Лобов ничего не ответил.

Они поднялись на третий этаж панельной девятиэтажки, позвонили в дверь, но им никто не ответил.

Барсуков достал ключ, стал открывать.

— Одному, знаешь, не хотелось ехать, — проговорил он.

Руки Барсукова дрожали, когда он открывал дверь.

Они вошли в прихожую. Барсуков заглянул на кухню, потом открыл дверь в комнату.

Тахта помещалась за огромным шкафом, который перегораживал комнату пополам. Барсуков заглянул за шкаф и остановился как вкопанный.

Бондаренко лежал на тахте. Если бы не почерневшее лицо, можно было подумать, что он на минутку прилег и заснул, настолько естественной была его поза.

Они снова ехали в машине Барсукова.

— Какой ужас, какой ужас! — говорил Барсуков. — Хорошо, что хоть нас с тобой отпустили! Они там небось всю ночь проторчат. Слушай, — голос Барсукова неожиданно стал твердым, тренерским, — если ты раздумаешь в «Барселону» переходить, я буду рад за наш «По-лет», года три еще можем вместе поработать. И квартиру тебе поменяем. Представляю, как тебе тяжело там будет без Веры, а?

Лобов молчал.

Барсуков прокашлялся и снова заговорил:

— Хотя, конечно, тебе есть резон в «Барселону». Особенно теперь... А дети с тещей останутся, да?! Как же они-то все перенесли, бедняжки?! Я уж, кажется, чего только не насмотрелся, а все еще не могу в себя прийти. Слушай, а почему, интересно, сам Вершинин не приехал, когда мы позвонили?

— Не знаю.

— И что он про все это думает? — заискивающе спросил Барсуков.

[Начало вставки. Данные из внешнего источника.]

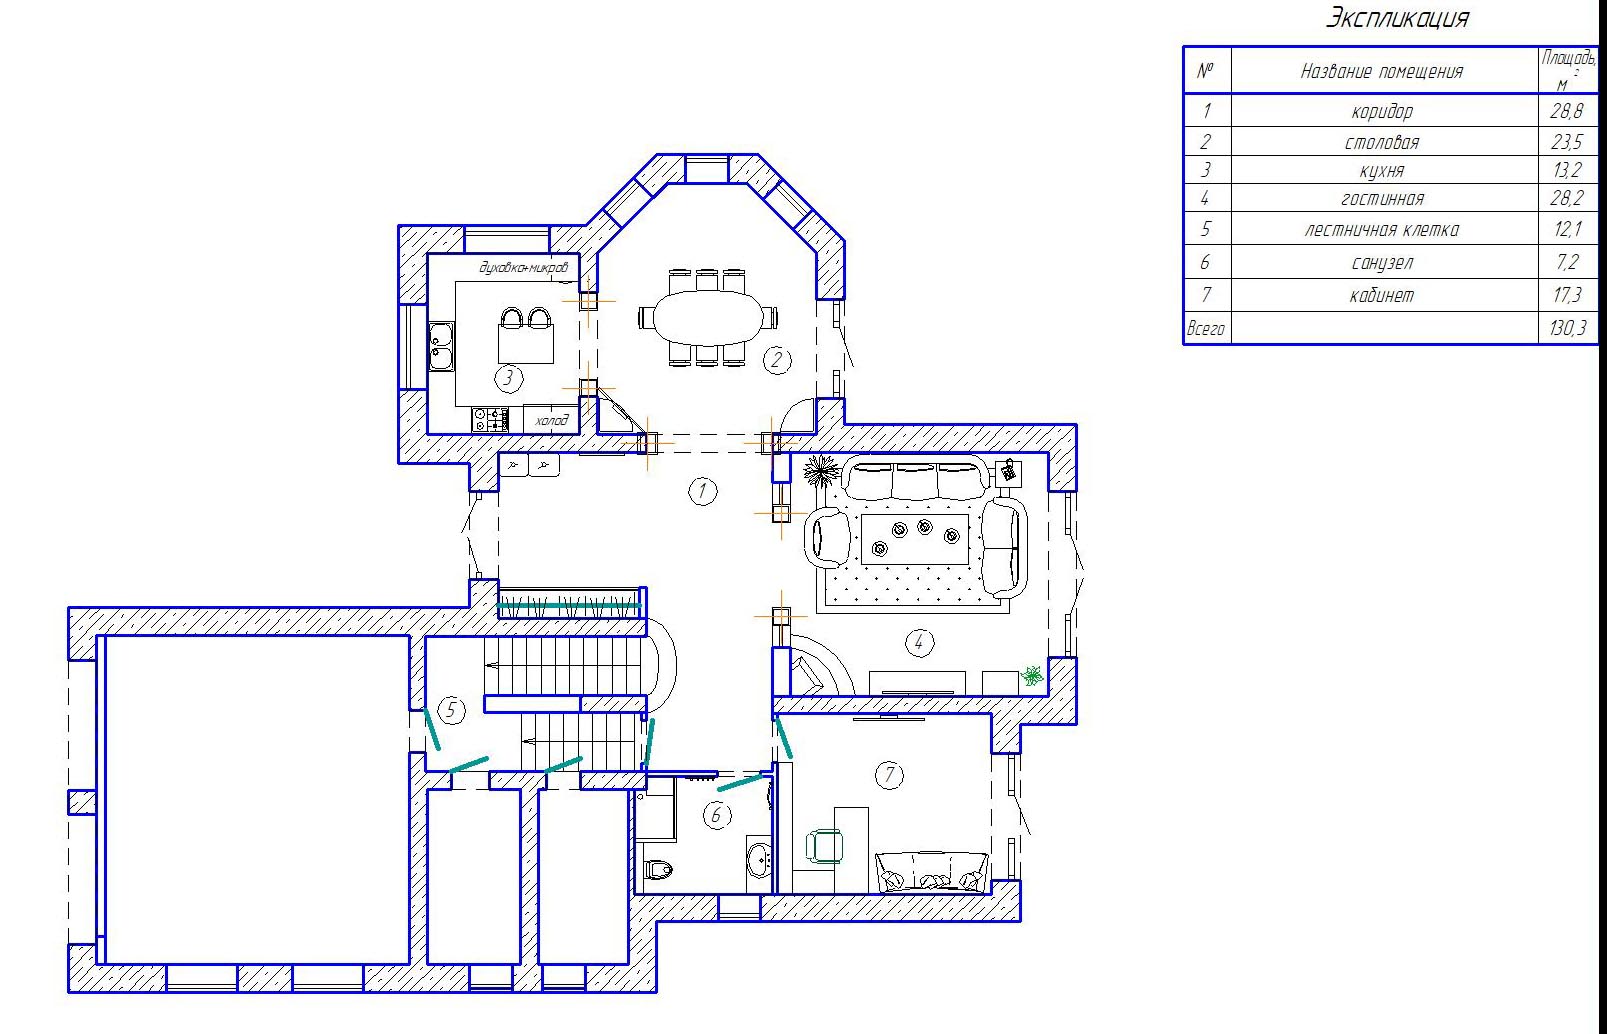 дизайн интерьера дома в Новых Петровцах 2-й этаж план мебели, планировка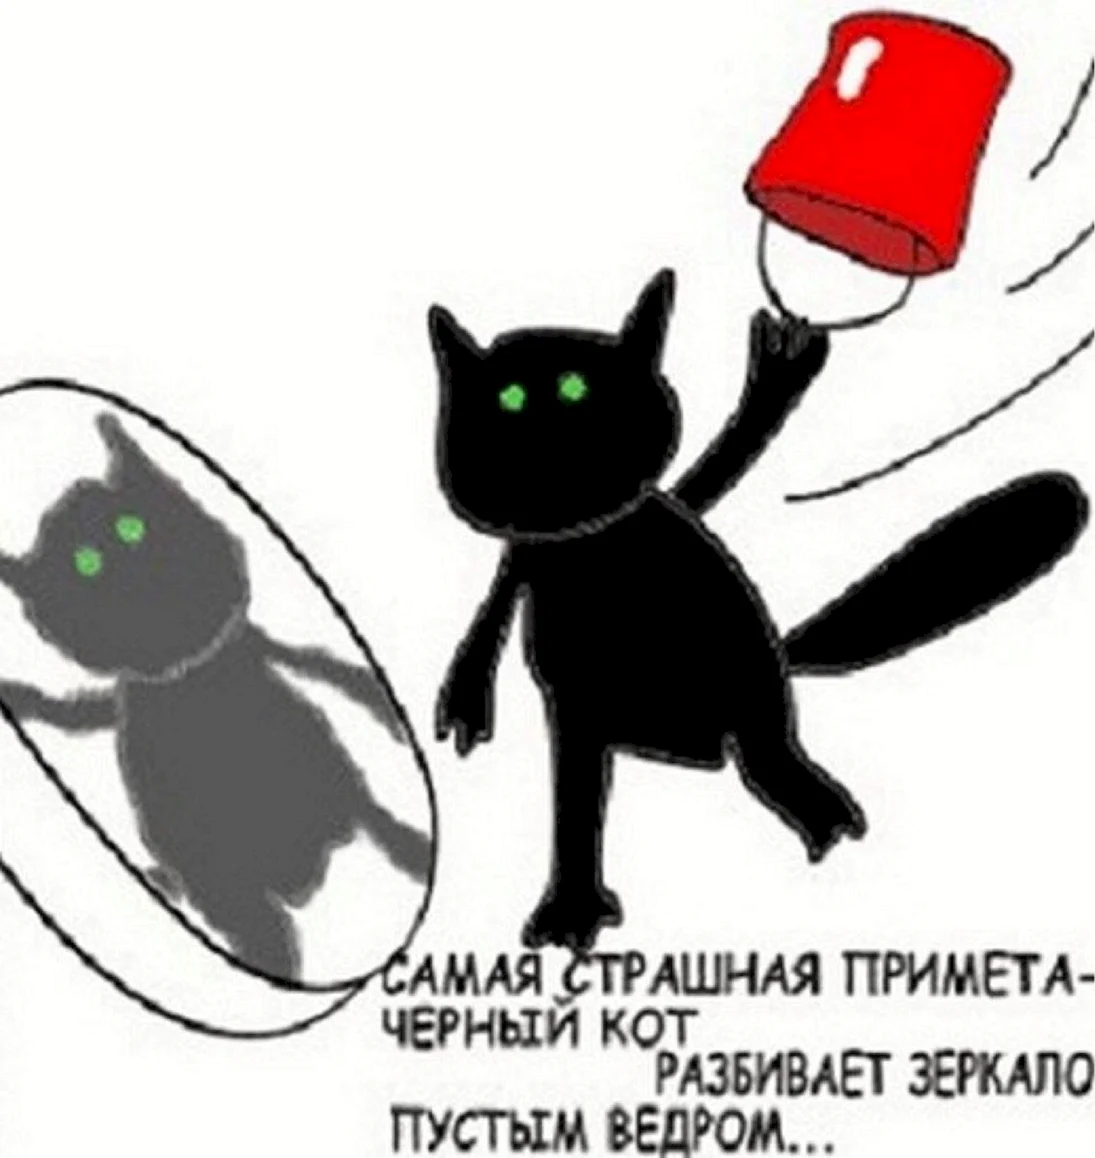 Черный кот с пустым ведром

— Не знаю, — повторил Лобов. — Он со мной не делится.

— Да-а. Попали мы в заварушку. Тебе, кажется, направо?

— Не надо. Я здесь сойду.

Они ехали по набережной, и Барсуков удивленно взглянул на Лобова.

— Чего ты? Я тебя до самого дома...

— Нет, не надо, — твердо сказал Лобов. — Пройтись хочу.

Барсуков затормозил. Лобов вышел из машины.

— Ну, давай. И чтоб все было «о'кей», как говорит наш Лопарев! — Барсуков улыбнулся и, склонившись на сиденье, где только что рядом с ним сидел Лобов, протянул руку.

Услышав «о'кей», Лобов вздрогнул, но все-таки наклонился и пожал руку Барсукову.

Тот захлопнул дверцу, помахал Лобову рукой и уехал.

Лобов долго смотрел вслед машине с номером Т16-16ММ.



Из дома он первым делом позвонил теще.

— Юра?.. Привет... Да, еще заехал по делу, а потом прошелся. Как вы там? Маша как? Уже спит? Делает вид... Понятно... Юра-Юрочка, ты ведь мужчина, правда? Да, спасибо... Не беспокойся... Постарайся заснуть. До завтра...

Алексей положил трубку, набрал побольше воздуха, заморгал: душили слезы. Он походил по комнате, размахивая руками, словно прогоняя кого-то невидимого. Свет в комнате он так и не зажег, только в прихожей. Неожиданно раздался телефонный звонок. Алексей вздрогнул, снял трубку.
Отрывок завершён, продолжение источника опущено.